Let’s be clear, I wasn’t a doormat. Or at least, I wasn’t a doormat that said “walk all over me”. I was a doormat that said, “I think you should go the other way, but if you walk over me, I get it, it’s ok”. And for the most part, many people in my life would go the other way. And that’s why I’ve always thought I was good at boundaries. Because I could state my preference. But there would still be a few people, who would insist that they must walk over me. And, ”I get it, it’s ok”
What I need to learn, is that it’s not ok. I need boundaries the way my hands need callouses. Not the boundaries where it says “I’d prefer you don’t cross, but if you do, it’s ok. Here’s a warm cookie”. But the boundary that says “I said no. You don’t get to walk over me. If you do not listen, you will face a wall”. For so long, I thought walls were ugly. Christians don’t do walls. So much of our language is in breaking down the walls. Walls mean you’re not easy breezy. You’re in fact the opposite: difficult to uproot.
In Boundaries by Dr. Henry Cloud and Dr. John Townsend, they describe the beauty of boundaries as keeping bad out, and the good in. Boundaries are meant to be an execution of wisdom. Emotionally healthy people don’t see boundaries as ugly. The authors write,“Boundaries are a ‘litmus test’ for the quality of our relationships.

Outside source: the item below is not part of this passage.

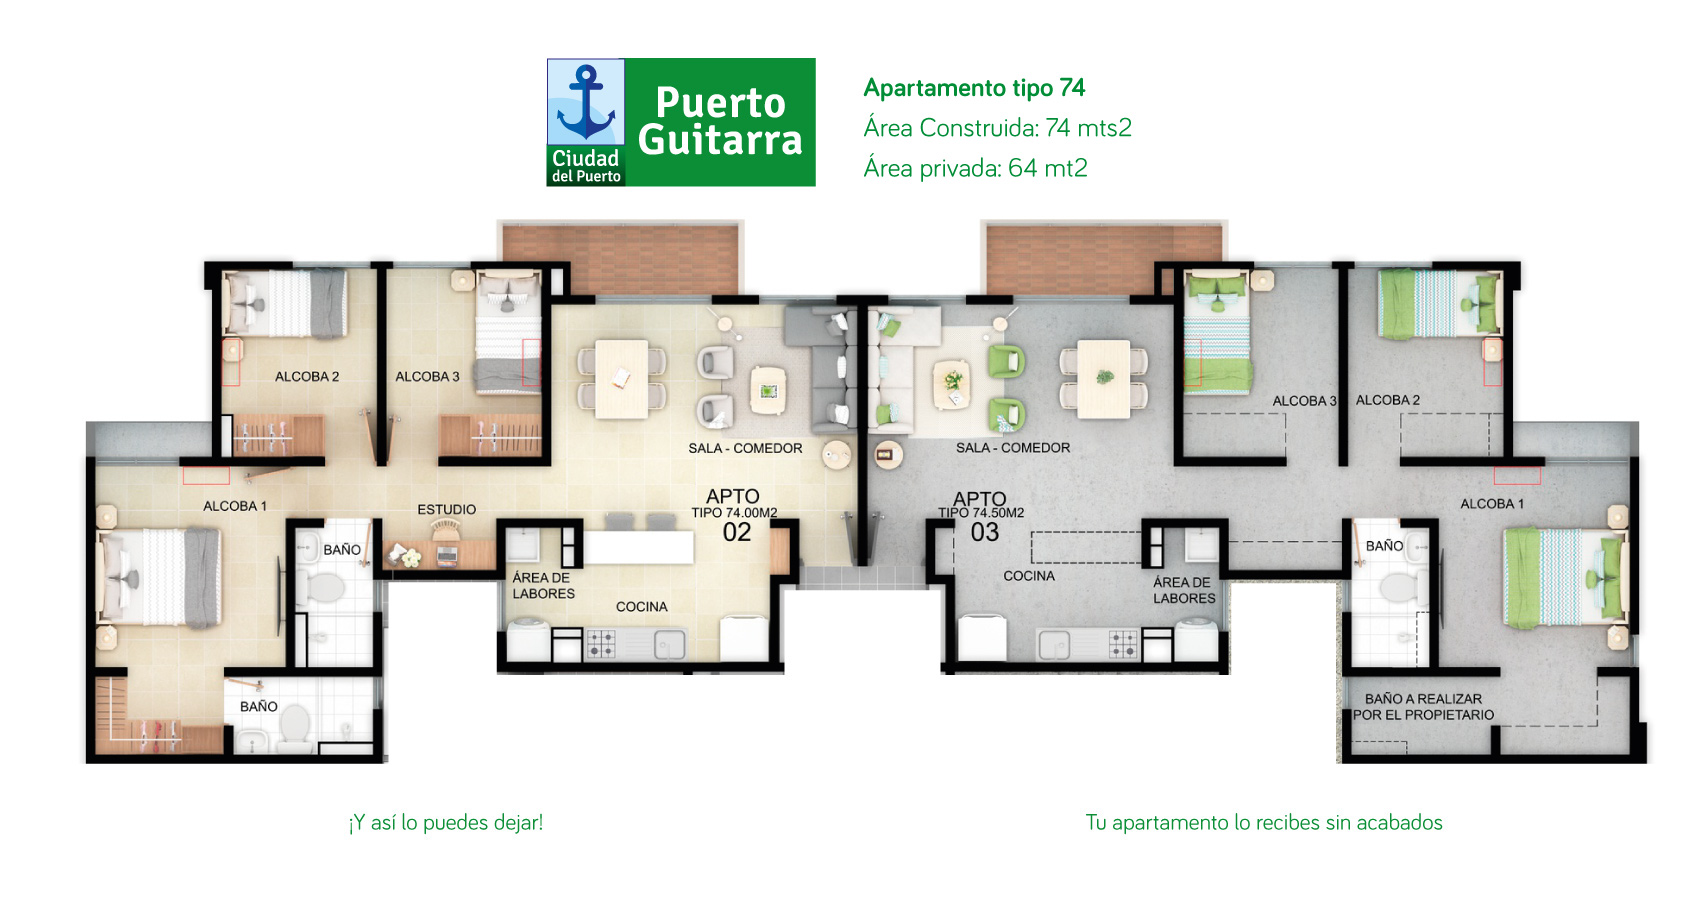 Puerto Guitarra, proyecto de apartamentos en Soledad - Atlántico, subsidio de vivienda.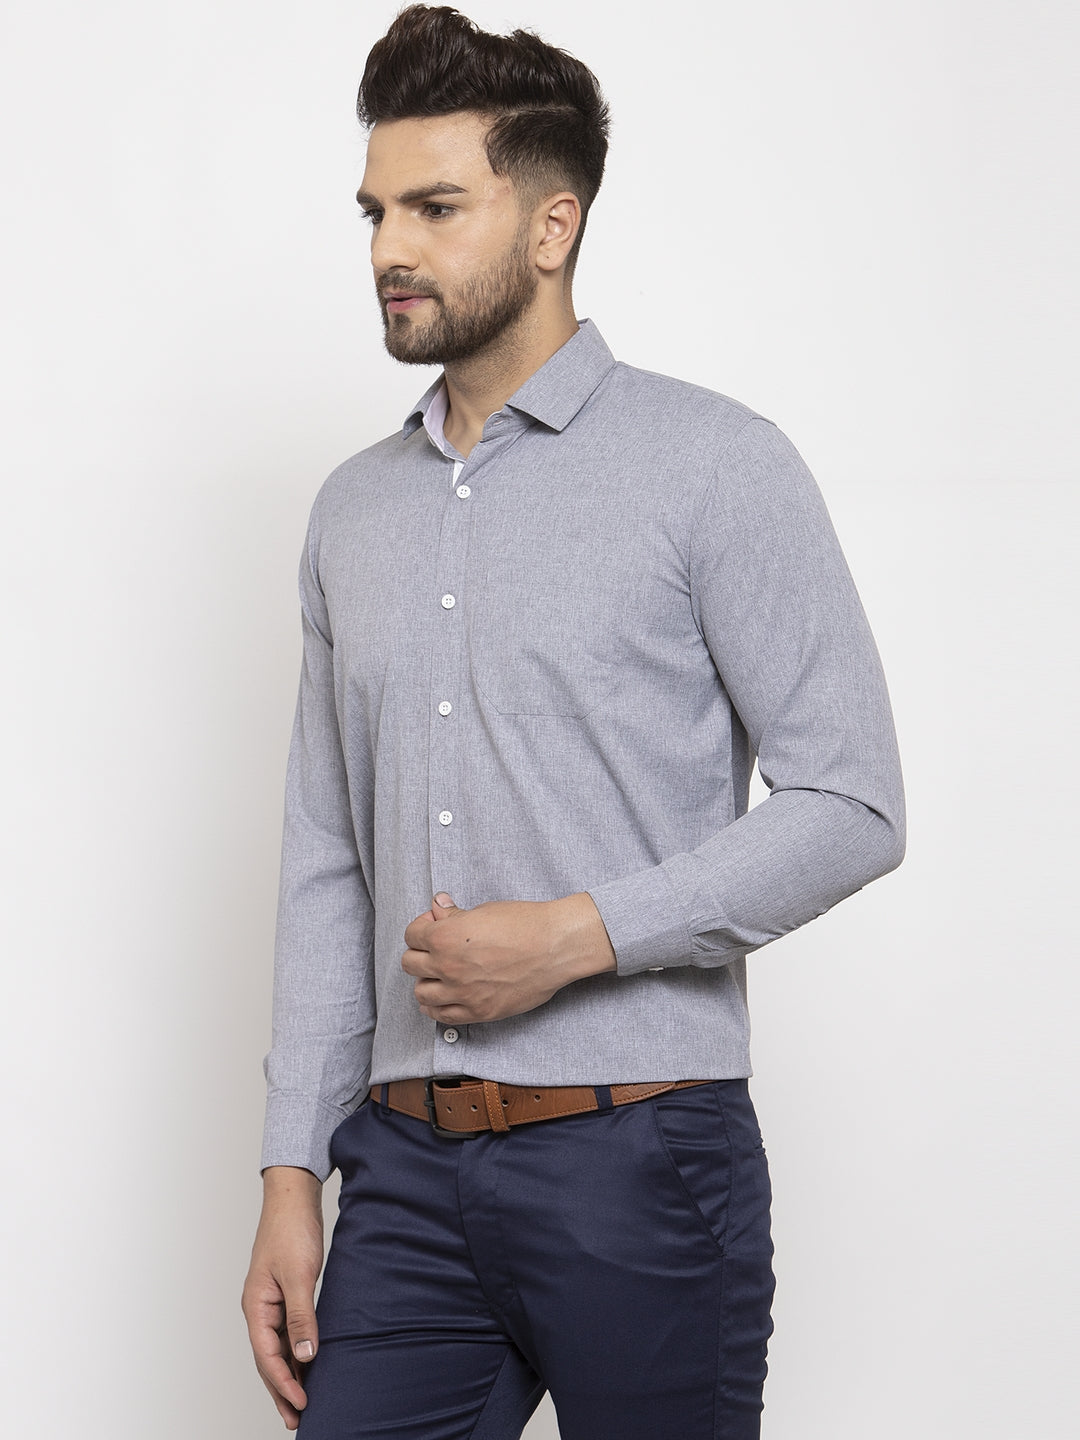 Men's Grey Formal Shirt with white detailing ( SF 419Grey ) - Jainish

Those people in our lives who can respect our boundaries will love our wills, our opinions, our separateness. Those who can’t respect our boundaries are telling us that they don’t love our nos. They only love our yeses, our compliance. ‘I only like it when you do what I want.’”
As I look down at my hands right now, I’m trying to see my budding callouses as incredible signs that I am that much closer to pulling myself up. Some may see them as an eyesore. But I imagine that for those who pull up, they are beautiful proof that I’m doing the work.